In the copy of the lines below, leave out pictures and print everything else exactly.
*** Opening of Information shown ***
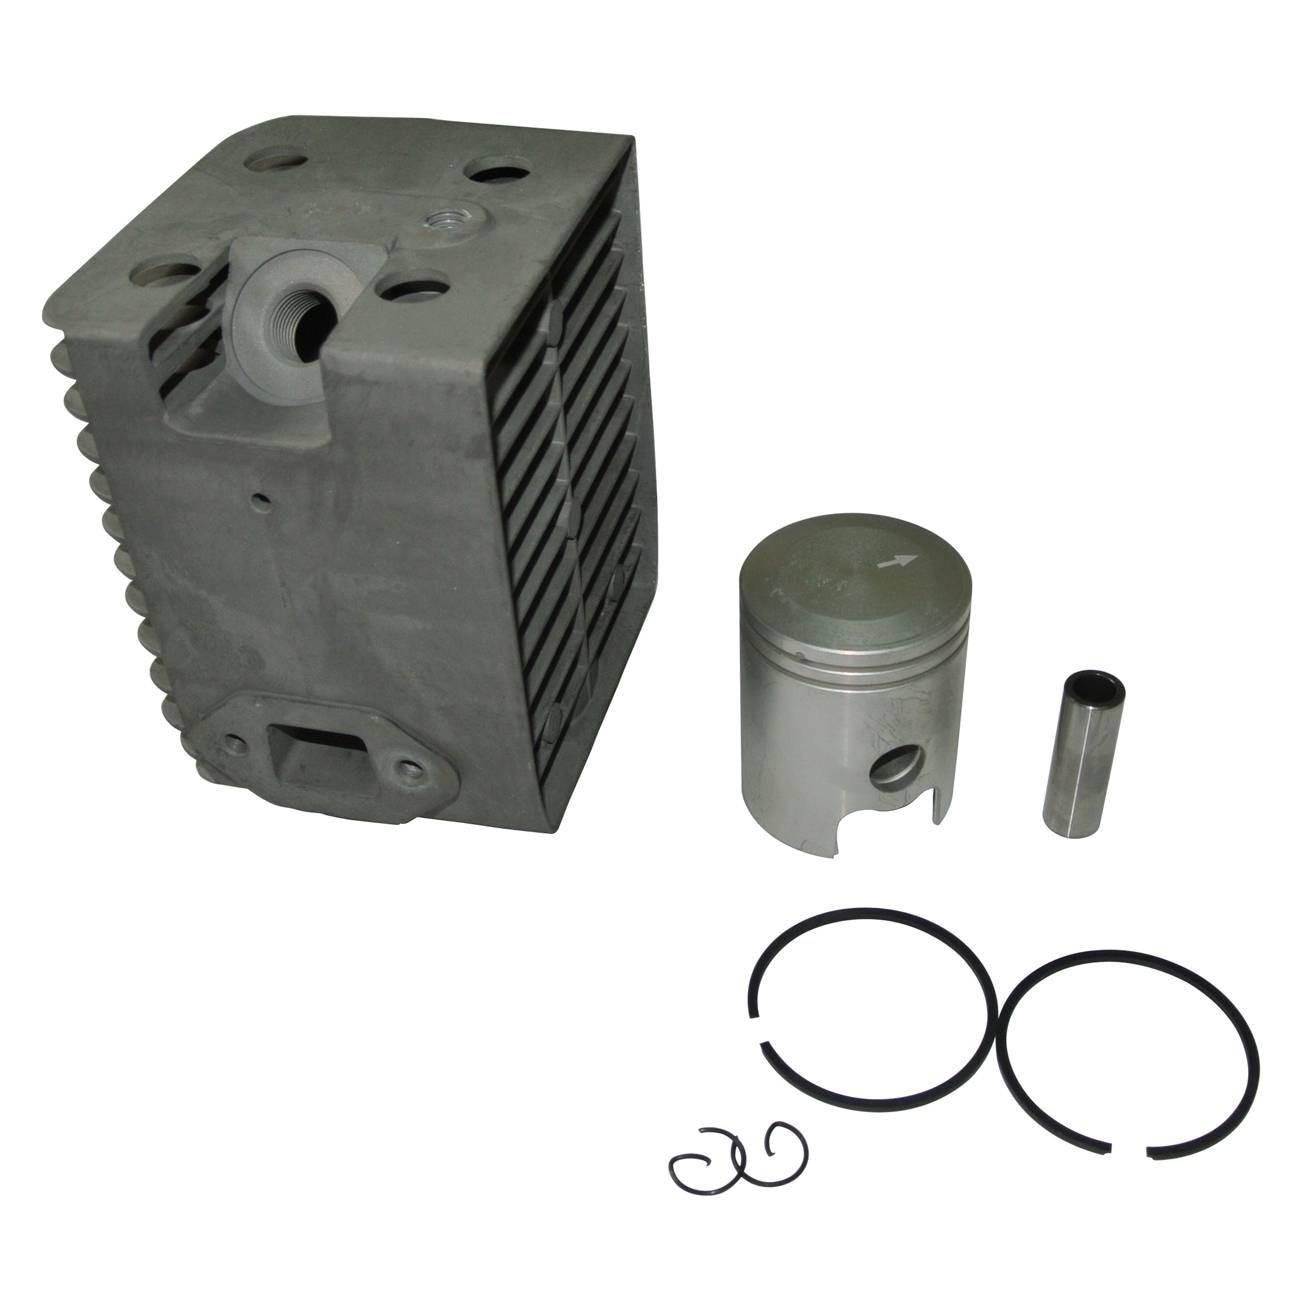 Cylinder & Piston Fits WACKER WM80 BS500 BS502 BS502I BS600 BS602 BS602I BS700
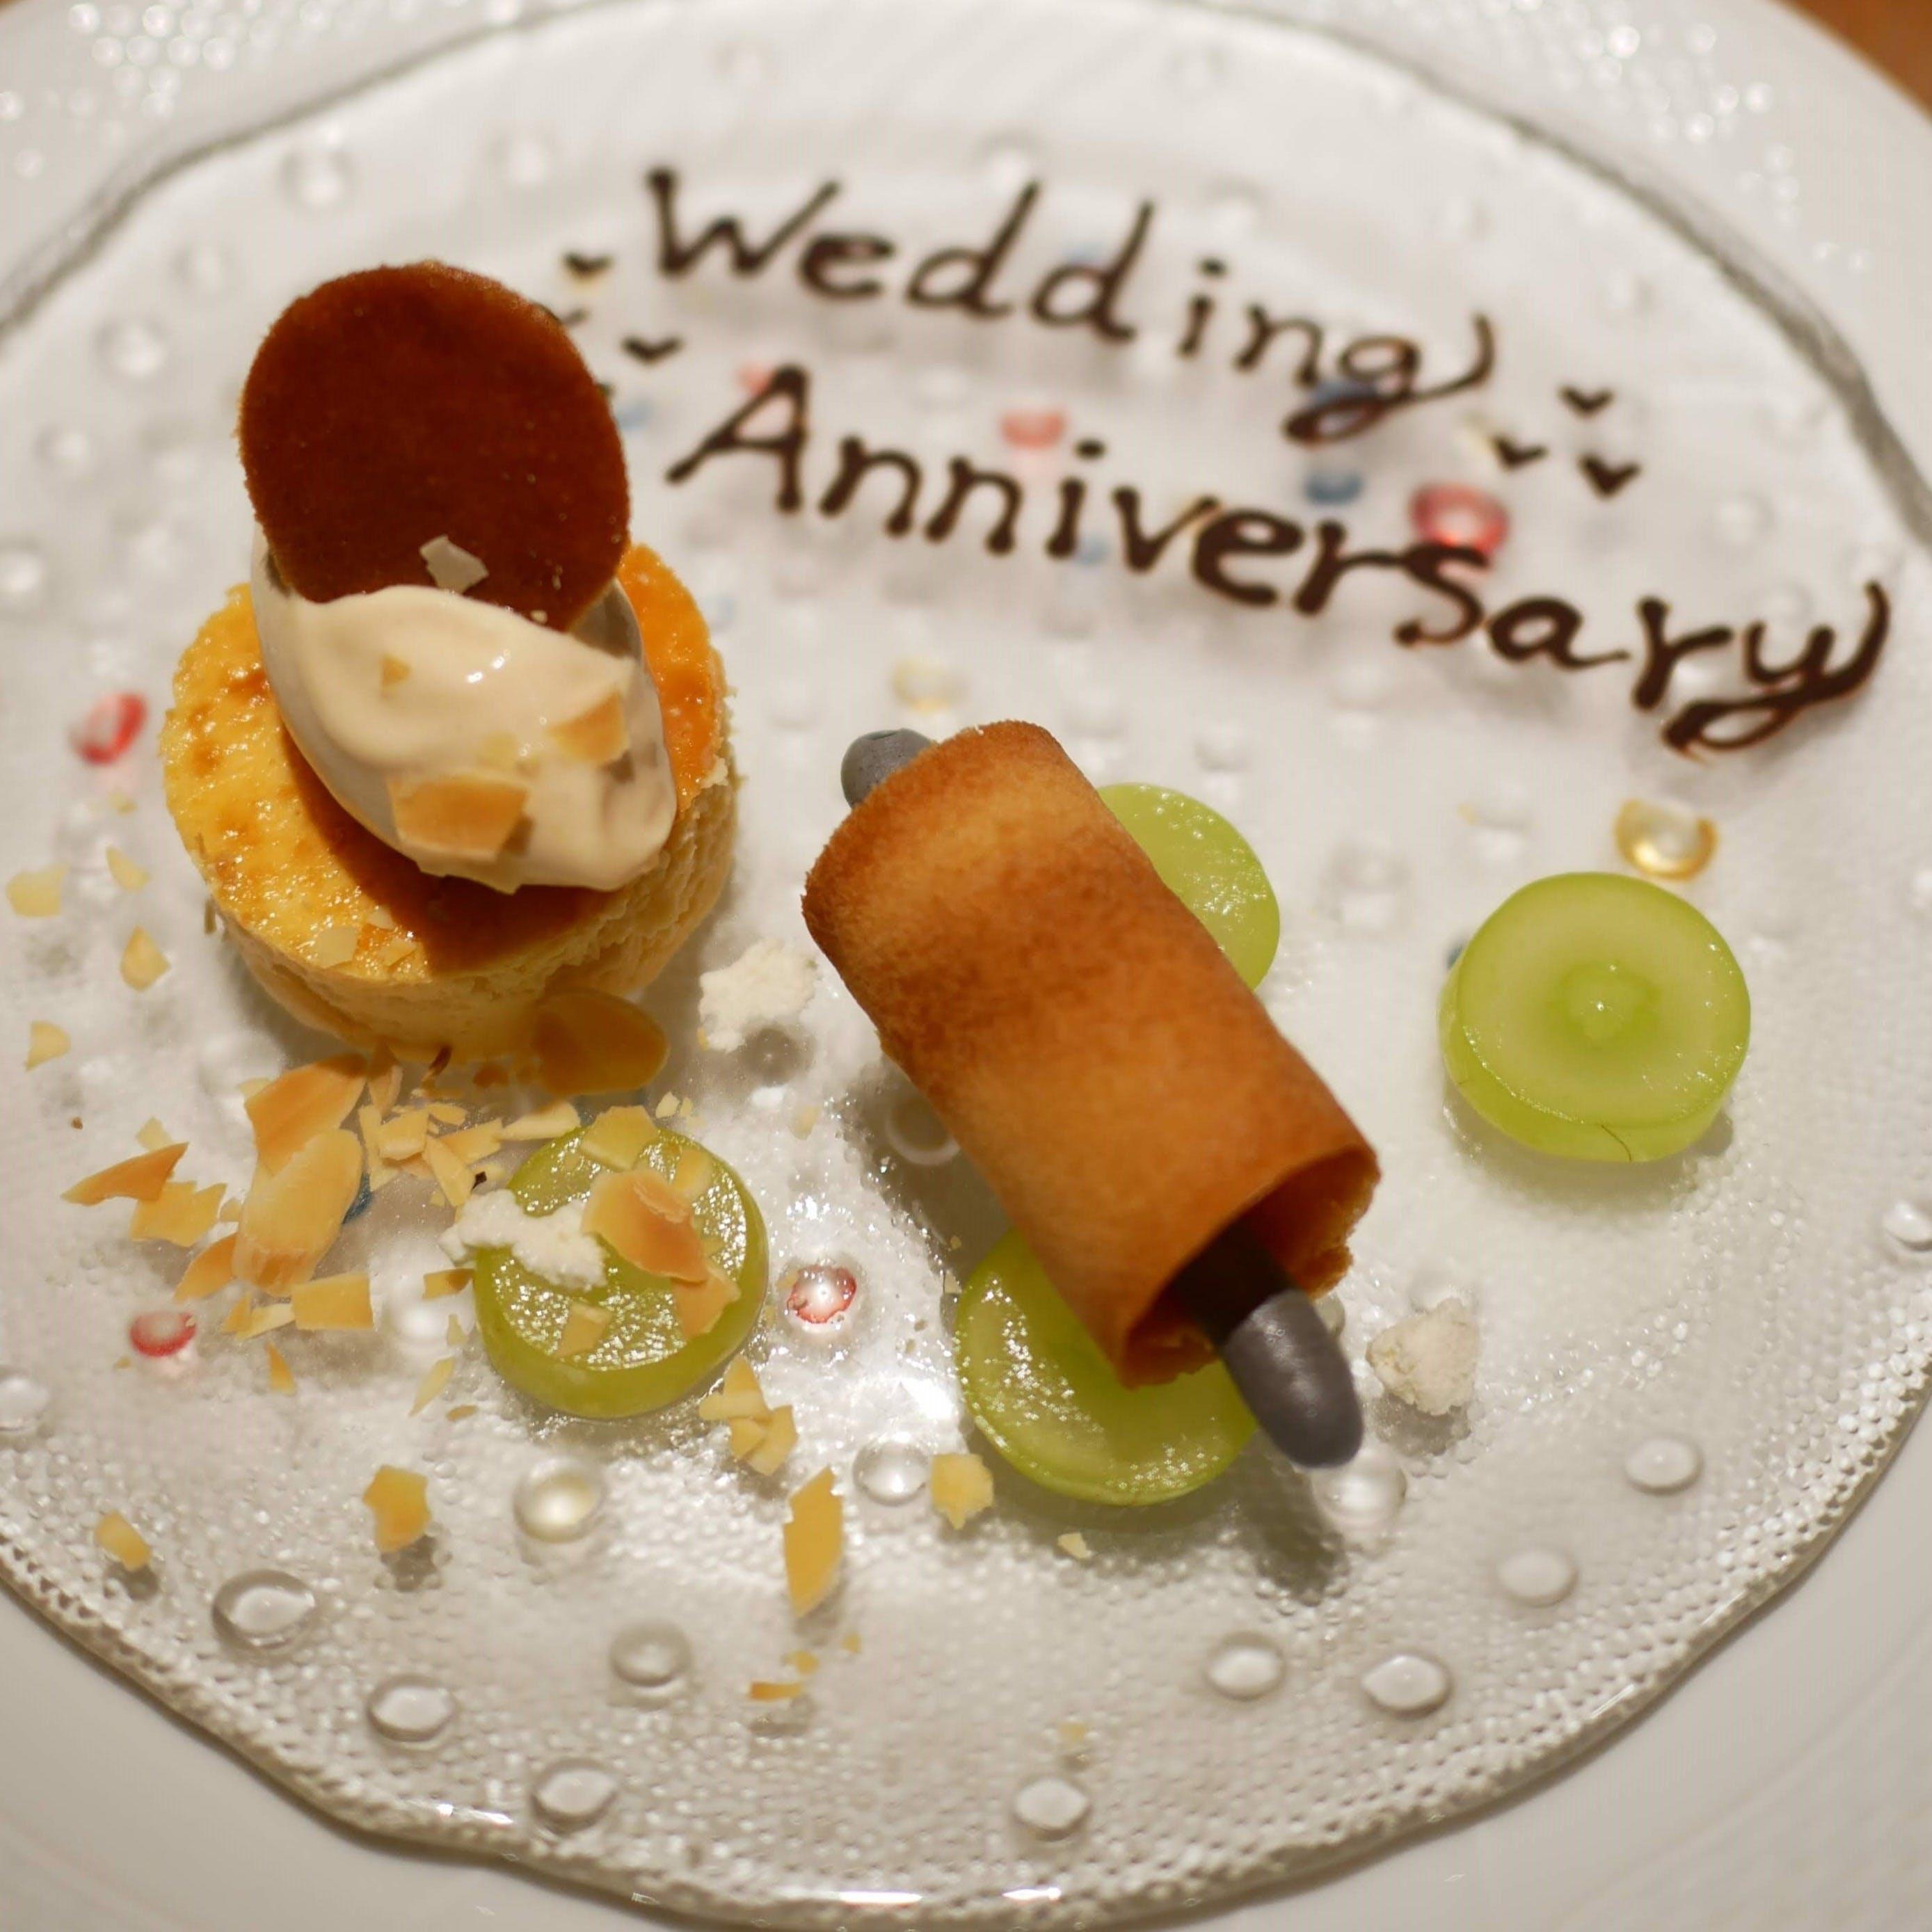 お祝いに!デザートのお皿にメッセージをお入れします。
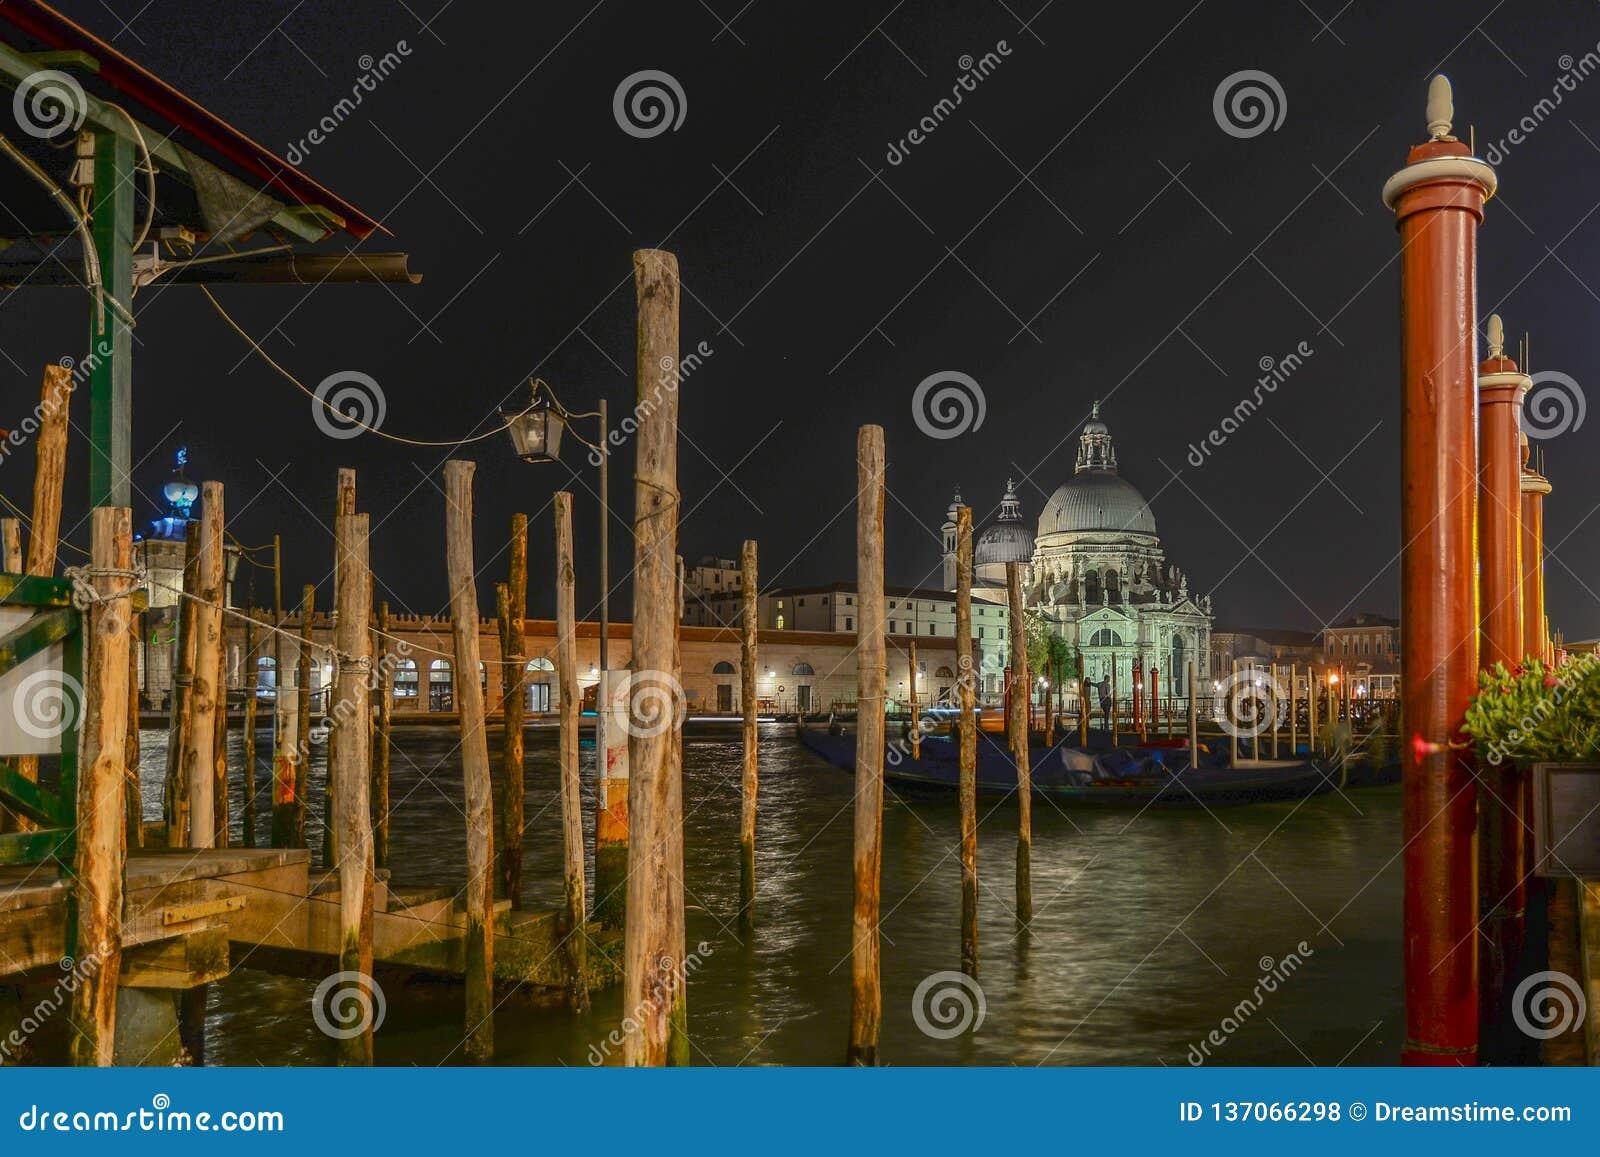 Basílica Santa Maria della Salute en la noche
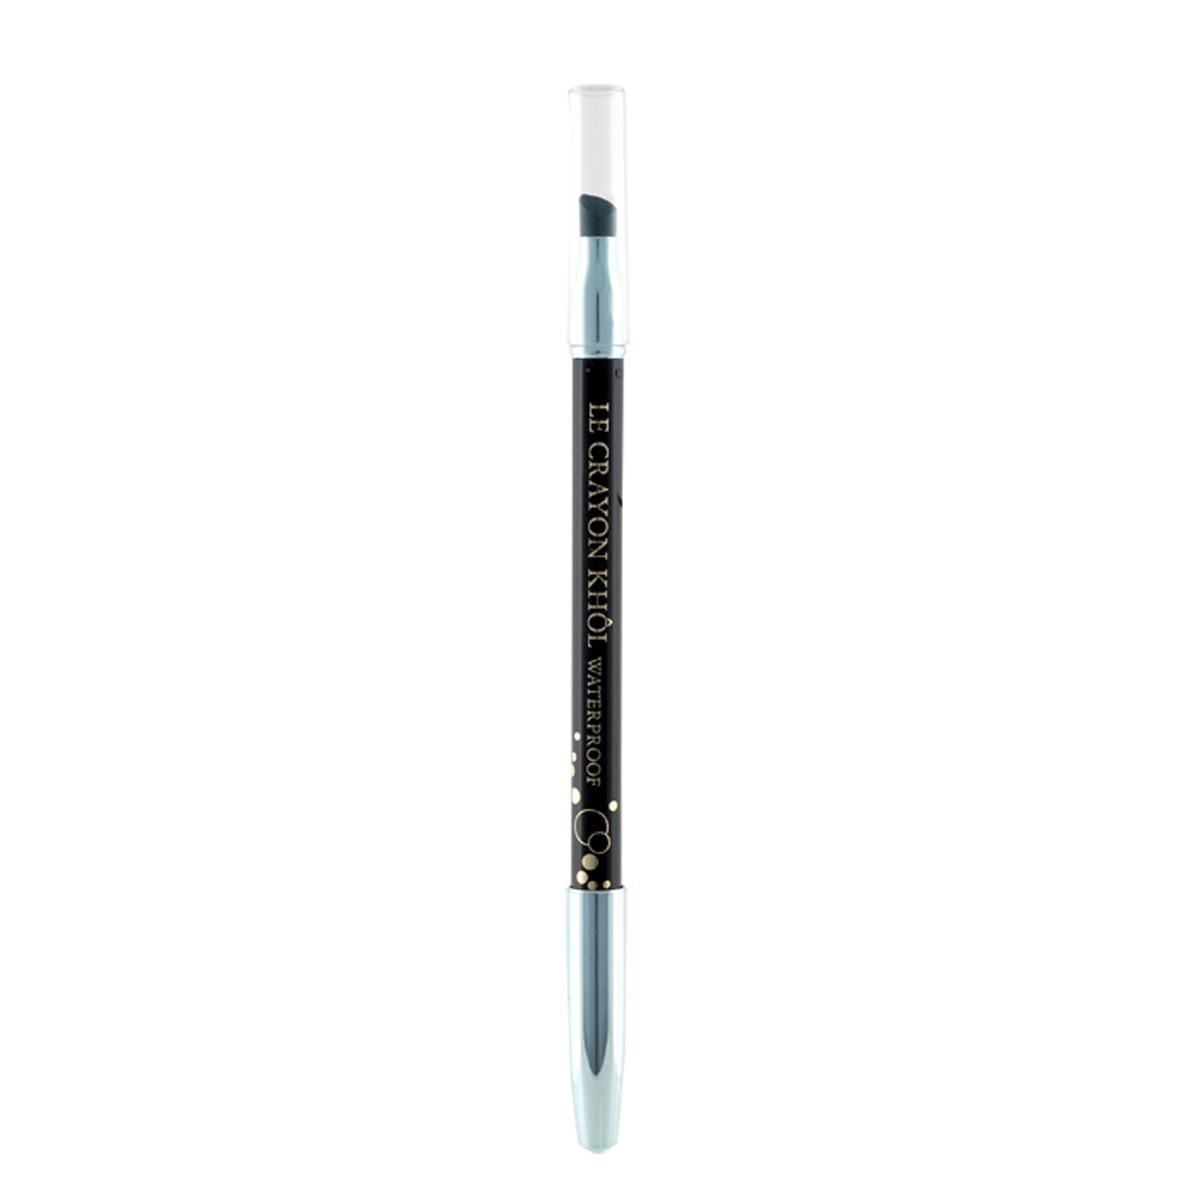 Lancôme - Crayon Khôl Waterproof - Dessine ou redessine le contour des yeux
*** Close of Information shown ***
→ Exercise response:
 Cylinder & Piston Fits WACKER WM80 BS500 BS502 BS502I BS600 BS602 BS602I BS700
 お祝いに!デザートのお皿にメッセージをお入れします。
 Basílica Santa Maria della Salute en la noche
 Lancôme - Crayon Khôl Waterproof - Dessine ou redessine le contour des yeux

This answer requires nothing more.